July 27, 2000
Oscar Shumsky, Violinist in the Grand Romantic Tradition, Dies at 83
By ALLAN KOZINN
Oscar Shumsky, a violinist and conductor who was renowned for the beauty
of his sound and the luminous musicality of his performances of Bach,
Mozart and Brahms, died on Monday at his home in Rye, N.Y. He was 83.
Mr. Shumsky was one of the last students of Leopold Auer, the legendary
Russian violinist who also taught Jascha Heifetz, Mischa Elman and Efrem
Zimbalist. When Auer died in 1930, Zimbalist took over Shumsky's training
and reinforced the grandly Romantic, communicative interpretive style that
was the principal hallmark of the early 20th-century Russian violin school.
Although he never became a household name on the order of Heifetz, he
commanded tremendous respect among musicians throughout his career, not
only for his solo performances but also for the passion he brought to
chamber music and orchestral playing. That quality was something he
passed on to many of his students, who included Eugene Drucker and Philip
Setzer of the Emerson String Quartet; Ida Kavafian; Eliot Chapo, a former
concertmaster with the New York Philharmonic. and Guillermo Figueroa, the
concertmaster of the New York City Ballet Orchestra.
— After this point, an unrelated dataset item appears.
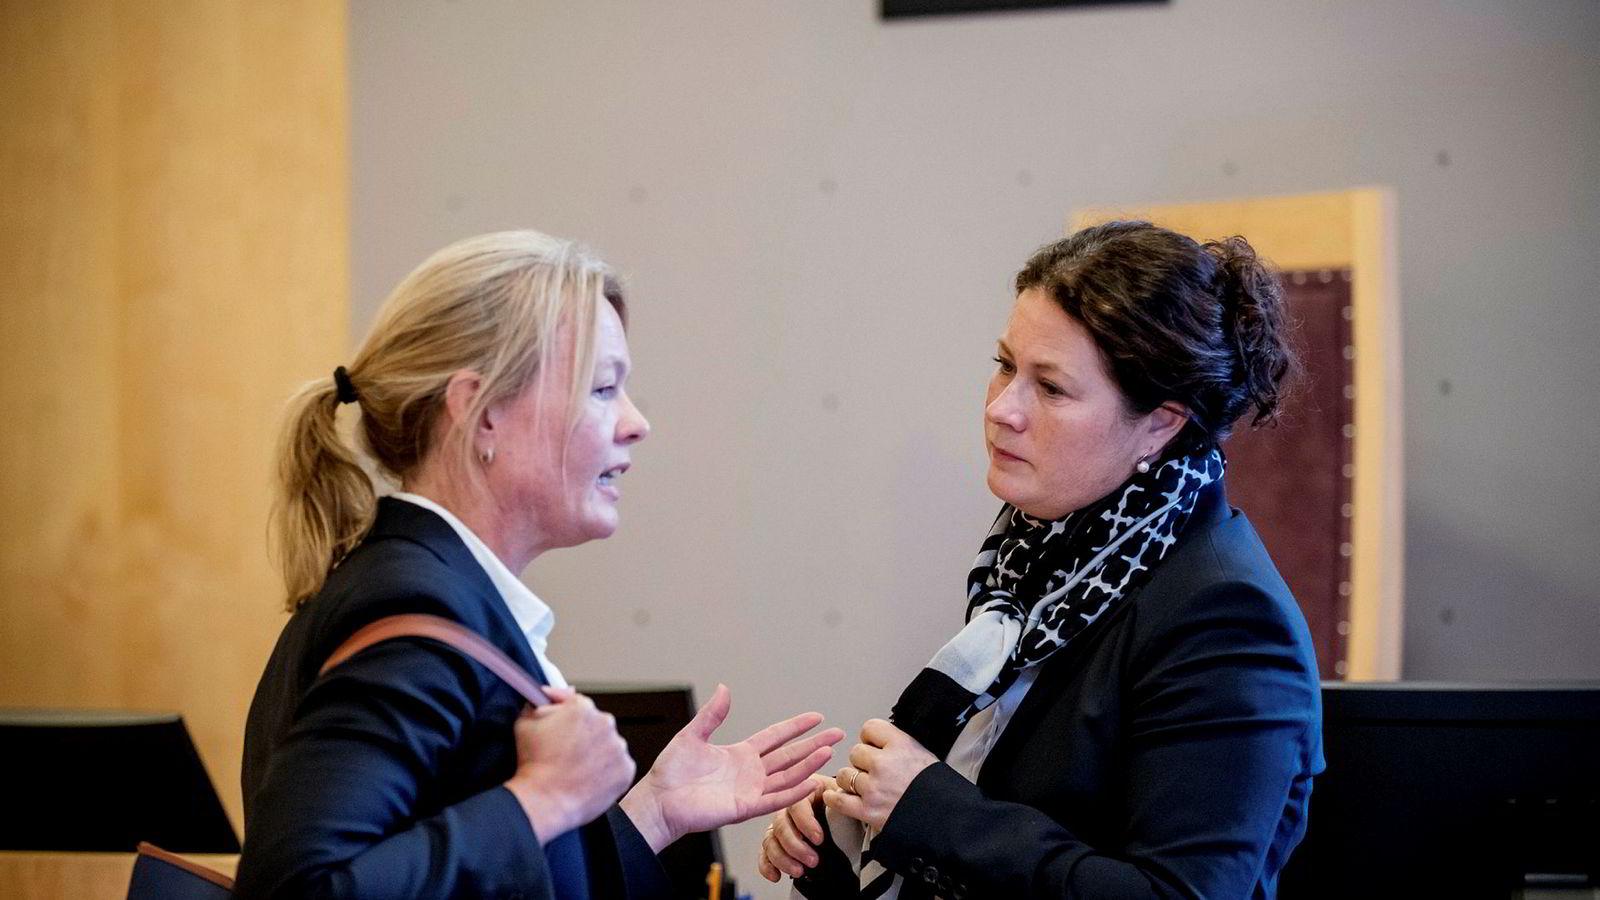 Aktor Anna Haugmoen Mo (til høyre) mener de tidligere toppene i Tine og Tetra Pak utvekslet forretningssensitiv informasjon om melkekartongkonkurrenten Elopak. Her er hun i samtale med Ann Johnsen som er forsvareren til Tines tidligere innkjøpsdirektør Hårek Skotnes.

Mr. Shumsky was born in Philadelphia on March 23, 1917, and began studying
the violin with Albert Meiff when he was 4. When he was 8, he played a
concerto at a Philadelphia Orchestra youth concert conducted by Leopold
Stokowski, and that same year he began his studies with Auer, at first
privately in New York and later at the Curtis Institute of Music in
Philadelphia.
Mr. Shumsky studied at Curtis until 1936, and he continued to
work privately with Zimbalist until 1938. By then, he was a seasoned
professional, having performed the Brahms and Elgar concertos with the
Philadelphia Orchestra on tour in 1932.
In 1939 he joined Toscanini's orchestra, the NBC Symphony, where he met
the violist William Primrose. Mr. Shumsky became the first violinist in
the Primrose Quartet, which made several classic recordings (among them the
Brahms Quartets) in the early 1940's. In the 1950's, he began playing the
viola both in chamber performances and in recitals, and he often included
unaccompanied works for both instruments on his programs. He also took up
conducting in the 1950's, and made his podium debut in Canada, with the
National Festival Orchestra in 1959. Other orchestras he conducted over
the years include the Westchester Symphony, the San Francisco Symphony and
the Mostly Mozart Orchestra.
By the 1970's, Mr. Shumsky's performing schedule had dwindled as a taste
for modern, streamlined interpretations eclipsed the Romantic style in
which he specialized. Nevertheless, he became a revered teacher on the
faculties of the Juilliard School, the Curtis Institute and Yale
University.
He is survived by two sons, Eric, of Chicago, and Noel, of Connecticut.